Content starts

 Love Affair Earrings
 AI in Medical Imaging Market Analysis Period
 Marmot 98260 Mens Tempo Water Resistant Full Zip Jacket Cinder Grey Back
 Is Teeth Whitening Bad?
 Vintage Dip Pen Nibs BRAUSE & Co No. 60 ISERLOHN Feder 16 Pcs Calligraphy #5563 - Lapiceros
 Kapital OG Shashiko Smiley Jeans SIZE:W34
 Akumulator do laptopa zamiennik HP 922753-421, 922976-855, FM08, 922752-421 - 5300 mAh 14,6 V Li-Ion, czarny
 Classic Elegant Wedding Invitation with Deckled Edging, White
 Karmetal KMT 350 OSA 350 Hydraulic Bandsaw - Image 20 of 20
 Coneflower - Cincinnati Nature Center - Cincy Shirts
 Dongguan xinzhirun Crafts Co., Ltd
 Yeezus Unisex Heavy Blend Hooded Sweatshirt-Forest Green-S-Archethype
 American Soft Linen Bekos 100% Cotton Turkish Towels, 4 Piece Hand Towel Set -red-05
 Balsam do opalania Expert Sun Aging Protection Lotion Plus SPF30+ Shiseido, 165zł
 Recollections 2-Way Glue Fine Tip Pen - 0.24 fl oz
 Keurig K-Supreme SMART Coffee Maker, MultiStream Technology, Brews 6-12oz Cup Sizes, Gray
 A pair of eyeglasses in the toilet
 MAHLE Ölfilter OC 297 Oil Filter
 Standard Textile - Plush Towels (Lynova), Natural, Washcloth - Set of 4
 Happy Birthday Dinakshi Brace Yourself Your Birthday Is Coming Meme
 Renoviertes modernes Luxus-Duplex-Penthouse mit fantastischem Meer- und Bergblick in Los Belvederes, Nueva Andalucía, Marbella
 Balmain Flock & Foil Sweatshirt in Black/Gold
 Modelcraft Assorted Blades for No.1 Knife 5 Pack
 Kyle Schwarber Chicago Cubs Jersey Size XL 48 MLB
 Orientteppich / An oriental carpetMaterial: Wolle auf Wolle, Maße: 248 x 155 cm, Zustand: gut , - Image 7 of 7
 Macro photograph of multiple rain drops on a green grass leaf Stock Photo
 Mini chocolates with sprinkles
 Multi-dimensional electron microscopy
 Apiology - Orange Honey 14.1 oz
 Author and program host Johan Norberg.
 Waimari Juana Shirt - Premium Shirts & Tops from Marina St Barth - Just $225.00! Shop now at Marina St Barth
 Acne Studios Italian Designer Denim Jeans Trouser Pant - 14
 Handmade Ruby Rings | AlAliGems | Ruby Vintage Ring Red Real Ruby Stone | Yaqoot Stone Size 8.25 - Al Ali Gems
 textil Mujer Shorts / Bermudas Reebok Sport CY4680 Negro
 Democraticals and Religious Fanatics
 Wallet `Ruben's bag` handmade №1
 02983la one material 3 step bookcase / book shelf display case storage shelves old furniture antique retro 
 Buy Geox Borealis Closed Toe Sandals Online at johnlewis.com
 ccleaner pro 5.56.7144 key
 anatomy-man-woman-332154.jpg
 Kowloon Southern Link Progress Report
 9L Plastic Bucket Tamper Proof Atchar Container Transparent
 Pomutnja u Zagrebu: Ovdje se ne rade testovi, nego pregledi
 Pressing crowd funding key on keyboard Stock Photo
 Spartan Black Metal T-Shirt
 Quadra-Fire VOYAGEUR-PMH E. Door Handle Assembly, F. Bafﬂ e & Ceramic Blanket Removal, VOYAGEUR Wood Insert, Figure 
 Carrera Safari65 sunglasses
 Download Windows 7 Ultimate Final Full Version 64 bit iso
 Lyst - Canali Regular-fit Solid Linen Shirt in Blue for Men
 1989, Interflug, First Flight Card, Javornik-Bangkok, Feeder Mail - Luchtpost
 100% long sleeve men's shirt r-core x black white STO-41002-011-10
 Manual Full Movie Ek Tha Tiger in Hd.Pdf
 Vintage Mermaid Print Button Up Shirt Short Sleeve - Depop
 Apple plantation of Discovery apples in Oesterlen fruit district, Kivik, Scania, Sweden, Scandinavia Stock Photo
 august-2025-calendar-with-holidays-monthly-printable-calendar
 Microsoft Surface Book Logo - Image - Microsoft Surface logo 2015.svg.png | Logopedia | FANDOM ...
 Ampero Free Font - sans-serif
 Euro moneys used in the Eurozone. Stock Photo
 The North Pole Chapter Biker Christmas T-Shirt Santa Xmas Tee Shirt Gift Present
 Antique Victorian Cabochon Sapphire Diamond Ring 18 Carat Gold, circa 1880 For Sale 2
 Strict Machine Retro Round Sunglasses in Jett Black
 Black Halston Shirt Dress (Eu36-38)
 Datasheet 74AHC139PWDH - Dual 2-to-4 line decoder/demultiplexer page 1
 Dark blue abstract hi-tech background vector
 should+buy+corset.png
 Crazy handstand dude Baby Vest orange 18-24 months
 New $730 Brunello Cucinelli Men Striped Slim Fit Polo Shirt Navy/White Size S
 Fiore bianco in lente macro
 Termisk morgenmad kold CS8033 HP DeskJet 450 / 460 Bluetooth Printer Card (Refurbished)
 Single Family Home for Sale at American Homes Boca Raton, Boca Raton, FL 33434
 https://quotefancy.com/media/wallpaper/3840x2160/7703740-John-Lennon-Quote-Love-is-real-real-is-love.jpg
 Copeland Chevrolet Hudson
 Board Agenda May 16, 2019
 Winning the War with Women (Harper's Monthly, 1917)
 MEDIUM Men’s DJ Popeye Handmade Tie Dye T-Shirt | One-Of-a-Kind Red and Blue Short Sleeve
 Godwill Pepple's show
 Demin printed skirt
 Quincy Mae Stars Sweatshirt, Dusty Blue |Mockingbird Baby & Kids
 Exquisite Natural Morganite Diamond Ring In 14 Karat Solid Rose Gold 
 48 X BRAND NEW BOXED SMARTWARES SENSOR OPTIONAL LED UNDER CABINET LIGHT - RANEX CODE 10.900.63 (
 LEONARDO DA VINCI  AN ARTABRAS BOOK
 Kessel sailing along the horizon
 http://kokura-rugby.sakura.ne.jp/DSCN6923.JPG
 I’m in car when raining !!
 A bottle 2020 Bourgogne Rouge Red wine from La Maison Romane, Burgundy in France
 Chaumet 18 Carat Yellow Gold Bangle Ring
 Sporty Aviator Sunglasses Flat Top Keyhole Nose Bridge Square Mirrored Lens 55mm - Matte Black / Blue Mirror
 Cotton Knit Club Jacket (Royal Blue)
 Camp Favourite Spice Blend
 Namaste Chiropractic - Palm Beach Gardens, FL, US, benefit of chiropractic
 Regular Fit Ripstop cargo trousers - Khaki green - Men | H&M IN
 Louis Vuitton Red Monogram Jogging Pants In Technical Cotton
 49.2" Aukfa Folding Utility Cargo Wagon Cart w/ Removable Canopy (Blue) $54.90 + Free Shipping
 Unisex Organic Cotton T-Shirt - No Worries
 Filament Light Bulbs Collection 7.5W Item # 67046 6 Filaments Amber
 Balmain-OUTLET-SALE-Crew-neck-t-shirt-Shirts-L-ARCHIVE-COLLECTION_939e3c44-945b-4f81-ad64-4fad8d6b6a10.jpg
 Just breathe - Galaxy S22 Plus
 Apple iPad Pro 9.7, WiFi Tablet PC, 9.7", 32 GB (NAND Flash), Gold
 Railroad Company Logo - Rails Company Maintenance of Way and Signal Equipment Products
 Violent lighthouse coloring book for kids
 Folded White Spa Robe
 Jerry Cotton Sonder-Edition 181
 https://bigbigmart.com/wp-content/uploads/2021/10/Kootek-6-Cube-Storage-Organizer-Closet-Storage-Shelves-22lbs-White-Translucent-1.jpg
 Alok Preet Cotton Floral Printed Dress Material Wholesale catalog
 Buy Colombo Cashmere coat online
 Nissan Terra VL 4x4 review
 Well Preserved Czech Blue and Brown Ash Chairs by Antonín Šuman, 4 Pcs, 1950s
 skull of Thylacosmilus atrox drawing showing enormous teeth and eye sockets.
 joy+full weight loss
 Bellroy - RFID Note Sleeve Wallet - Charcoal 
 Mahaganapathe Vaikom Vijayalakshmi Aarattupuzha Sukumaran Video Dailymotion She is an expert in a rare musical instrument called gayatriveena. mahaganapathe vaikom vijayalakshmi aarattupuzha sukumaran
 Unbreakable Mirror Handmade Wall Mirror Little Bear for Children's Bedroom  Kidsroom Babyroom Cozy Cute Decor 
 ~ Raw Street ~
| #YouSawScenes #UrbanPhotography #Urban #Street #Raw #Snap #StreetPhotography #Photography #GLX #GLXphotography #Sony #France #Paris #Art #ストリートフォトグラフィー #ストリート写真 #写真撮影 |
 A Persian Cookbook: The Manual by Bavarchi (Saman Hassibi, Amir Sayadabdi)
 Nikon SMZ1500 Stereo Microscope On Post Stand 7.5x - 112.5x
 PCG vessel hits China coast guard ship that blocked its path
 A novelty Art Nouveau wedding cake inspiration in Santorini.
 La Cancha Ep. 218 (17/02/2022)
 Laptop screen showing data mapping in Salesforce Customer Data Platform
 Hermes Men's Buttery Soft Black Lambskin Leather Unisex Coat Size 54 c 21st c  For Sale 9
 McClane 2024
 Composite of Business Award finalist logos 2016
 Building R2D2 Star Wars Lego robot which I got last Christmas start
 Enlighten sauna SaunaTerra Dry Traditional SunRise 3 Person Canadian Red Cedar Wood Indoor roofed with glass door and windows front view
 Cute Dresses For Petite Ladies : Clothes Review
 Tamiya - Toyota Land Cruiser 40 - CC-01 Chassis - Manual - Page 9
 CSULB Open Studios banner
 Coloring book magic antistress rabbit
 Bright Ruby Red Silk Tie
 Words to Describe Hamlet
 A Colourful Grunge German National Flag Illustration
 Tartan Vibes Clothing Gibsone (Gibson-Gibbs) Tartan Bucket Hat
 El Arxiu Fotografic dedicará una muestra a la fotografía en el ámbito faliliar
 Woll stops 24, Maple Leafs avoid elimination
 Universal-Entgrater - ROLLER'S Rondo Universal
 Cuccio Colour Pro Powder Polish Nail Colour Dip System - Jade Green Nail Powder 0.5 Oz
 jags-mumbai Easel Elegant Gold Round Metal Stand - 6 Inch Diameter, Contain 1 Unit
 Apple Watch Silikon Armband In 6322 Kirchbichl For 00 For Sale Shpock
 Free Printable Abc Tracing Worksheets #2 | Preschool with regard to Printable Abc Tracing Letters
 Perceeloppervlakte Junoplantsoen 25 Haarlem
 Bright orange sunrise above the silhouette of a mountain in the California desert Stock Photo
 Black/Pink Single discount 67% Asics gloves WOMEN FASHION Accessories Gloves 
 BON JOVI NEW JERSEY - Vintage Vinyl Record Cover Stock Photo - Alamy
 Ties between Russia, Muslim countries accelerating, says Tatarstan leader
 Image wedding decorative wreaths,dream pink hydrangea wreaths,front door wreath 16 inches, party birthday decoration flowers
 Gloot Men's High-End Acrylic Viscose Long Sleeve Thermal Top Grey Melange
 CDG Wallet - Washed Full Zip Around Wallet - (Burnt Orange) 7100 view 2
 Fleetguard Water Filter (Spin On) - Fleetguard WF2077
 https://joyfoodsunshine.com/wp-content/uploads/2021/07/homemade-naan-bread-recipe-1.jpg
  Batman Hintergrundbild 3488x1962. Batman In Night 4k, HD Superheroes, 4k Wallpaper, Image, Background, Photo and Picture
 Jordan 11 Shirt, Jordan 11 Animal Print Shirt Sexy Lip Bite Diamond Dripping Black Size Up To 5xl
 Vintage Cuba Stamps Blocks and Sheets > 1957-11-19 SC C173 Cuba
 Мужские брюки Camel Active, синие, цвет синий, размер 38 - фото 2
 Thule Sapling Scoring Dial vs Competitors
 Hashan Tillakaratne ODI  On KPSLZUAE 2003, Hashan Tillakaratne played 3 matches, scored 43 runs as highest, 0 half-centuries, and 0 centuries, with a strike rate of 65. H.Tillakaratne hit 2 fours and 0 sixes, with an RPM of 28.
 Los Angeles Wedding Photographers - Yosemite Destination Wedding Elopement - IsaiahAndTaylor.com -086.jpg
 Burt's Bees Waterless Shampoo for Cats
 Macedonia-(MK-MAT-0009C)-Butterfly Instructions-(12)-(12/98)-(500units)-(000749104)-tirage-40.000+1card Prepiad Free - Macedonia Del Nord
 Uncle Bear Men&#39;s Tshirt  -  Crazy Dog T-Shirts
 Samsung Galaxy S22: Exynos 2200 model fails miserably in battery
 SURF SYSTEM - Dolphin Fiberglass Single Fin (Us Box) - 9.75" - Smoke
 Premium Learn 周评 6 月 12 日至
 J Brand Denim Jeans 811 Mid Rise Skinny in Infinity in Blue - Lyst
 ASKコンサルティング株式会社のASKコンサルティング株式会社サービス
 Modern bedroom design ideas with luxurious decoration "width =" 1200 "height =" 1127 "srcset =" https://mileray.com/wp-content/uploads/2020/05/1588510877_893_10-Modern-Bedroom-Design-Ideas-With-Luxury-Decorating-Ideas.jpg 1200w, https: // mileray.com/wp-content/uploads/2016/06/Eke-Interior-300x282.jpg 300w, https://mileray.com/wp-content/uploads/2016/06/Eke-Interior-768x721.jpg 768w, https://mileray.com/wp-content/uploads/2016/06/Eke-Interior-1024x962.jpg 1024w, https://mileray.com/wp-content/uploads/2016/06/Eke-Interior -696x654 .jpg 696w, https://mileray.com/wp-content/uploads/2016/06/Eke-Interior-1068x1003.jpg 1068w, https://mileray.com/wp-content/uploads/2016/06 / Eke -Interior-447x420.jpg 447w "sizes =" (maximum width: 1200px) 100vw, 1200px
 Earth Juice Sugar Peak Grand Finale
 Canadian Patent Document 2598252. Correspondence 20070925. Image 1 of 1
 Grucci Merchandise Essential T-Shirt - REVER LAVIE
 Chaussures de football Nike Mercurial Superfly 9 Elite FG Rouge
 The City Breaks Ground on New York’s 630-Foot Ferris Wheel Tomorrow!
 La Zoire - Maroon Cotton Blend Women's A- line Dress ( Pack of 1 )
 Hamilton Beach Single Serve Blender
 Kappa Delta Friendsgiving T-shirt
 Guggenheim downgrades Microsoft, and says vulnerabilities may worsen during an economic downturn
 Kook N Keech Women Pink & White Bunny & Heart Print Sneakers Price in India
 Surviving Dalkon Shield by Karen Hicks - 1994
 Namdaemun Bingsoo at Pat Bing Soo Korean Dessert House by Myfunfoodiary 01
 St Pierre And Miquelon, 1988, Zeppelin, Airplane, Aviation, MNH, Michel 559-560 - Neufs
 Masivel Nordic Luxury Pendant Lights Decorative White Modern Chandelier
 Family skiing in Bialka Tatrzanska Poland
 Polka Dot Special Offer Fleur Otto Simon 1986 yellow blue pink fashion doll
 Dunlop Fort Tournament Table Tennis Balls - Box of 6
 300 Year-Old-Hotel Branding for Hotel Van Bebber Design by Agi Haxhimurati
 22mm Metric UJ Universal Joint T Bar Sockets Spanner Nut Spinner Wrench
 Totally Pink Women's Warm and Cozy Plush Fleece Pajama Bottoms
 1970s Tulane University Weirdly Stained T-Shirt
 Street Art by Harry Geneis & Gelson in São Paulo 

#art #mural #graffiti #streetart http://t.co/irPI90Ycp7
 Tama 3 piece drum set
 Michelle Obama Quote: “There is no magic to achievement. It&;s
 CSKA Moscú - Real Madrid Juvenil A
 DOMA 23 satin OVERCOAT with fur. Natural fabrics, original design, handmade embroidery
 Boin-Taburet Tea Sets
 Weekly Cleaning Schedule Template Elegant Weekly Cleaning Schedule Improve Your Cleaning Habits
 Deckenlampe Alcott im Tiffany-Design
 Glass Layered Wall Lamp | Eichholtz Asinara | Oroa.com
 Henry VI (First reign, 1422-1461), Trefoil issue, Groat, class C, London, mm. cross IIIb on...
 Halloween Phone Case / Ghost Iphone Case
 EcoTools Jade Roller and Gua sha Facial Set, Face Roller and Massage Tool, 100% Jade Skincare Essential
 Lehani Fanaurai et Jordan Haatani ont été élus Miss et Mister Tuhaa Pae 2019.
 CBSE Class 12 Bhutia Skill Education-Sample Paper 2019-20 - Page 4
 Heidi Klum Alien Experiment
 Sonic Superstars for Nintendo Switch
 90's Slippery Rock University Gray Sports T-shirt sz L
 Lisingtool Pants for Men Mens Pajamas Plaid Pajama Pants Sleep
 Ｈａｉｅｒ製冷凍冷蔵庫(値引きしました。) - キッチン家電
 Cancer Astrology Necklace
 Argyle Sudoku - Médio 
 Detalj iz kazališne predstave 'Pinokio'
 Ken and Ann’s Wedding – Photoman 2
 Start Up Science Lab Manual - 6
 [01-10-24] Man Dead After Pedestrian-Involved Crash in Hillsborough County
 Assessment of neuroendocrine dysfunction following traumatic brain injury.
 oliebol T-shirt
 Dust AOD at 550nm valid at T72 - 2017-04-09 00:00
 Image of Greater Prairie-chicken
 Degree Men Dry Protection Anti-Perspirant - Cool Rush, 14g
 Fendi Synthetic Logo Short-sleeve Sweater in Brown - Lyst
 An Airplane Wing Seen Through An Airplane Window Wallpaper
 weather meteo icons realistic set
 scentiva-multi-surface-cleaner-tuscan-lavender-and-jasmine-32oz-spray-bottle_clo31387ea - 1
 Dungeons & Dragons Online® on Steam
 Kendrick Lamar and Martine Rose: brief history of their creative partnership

Content ends

◆ **INSTRUCTIONS FOR THE TASK**
Repeat, word for word, the lines above between the line holding "joy+full weight loss" and the line holding "PCG vessel hits", inclusive; omit everything else.

◆ **RESPONSE BOX**
 joy+full weight loss
 Bellroy - RFID Note Sleeve Wallet - Charcoal 
 Mahaganapathe Vaikom Vijayalakshmi Aarattupuzha Sukumaran Video Dailymotion She is an expert in a rare musical instrument called gayatriveena. mahaganapathe vaikom vijayalakshmi aarattupuzha sukumaran
 Unbreakable Mirror Handmade Wall Mirror Little Bear for Children's Bedroom  Kidsroom Babyroom Cozy Cute Decor 
 ~ Raw Street ~
| #YouSawScenes #UrbanPhotography #Urban #Street #Raw #Snap #StreetPhotography #Photography #GLX #GLXphotography #Sony #France #Paris #Art #ストリートフォトグラフィー #ストリート写真 #写真撮影 |
 A Persian Cookbook: The Manual by Bavarchi (Saman Hassibi, Amir Sayadabdi)
 Nikon SMZ1500 Stereo Microscope On Post Stand 7.5x - 112.5x
 PCG vessel hits China coast guard ship that blocked its path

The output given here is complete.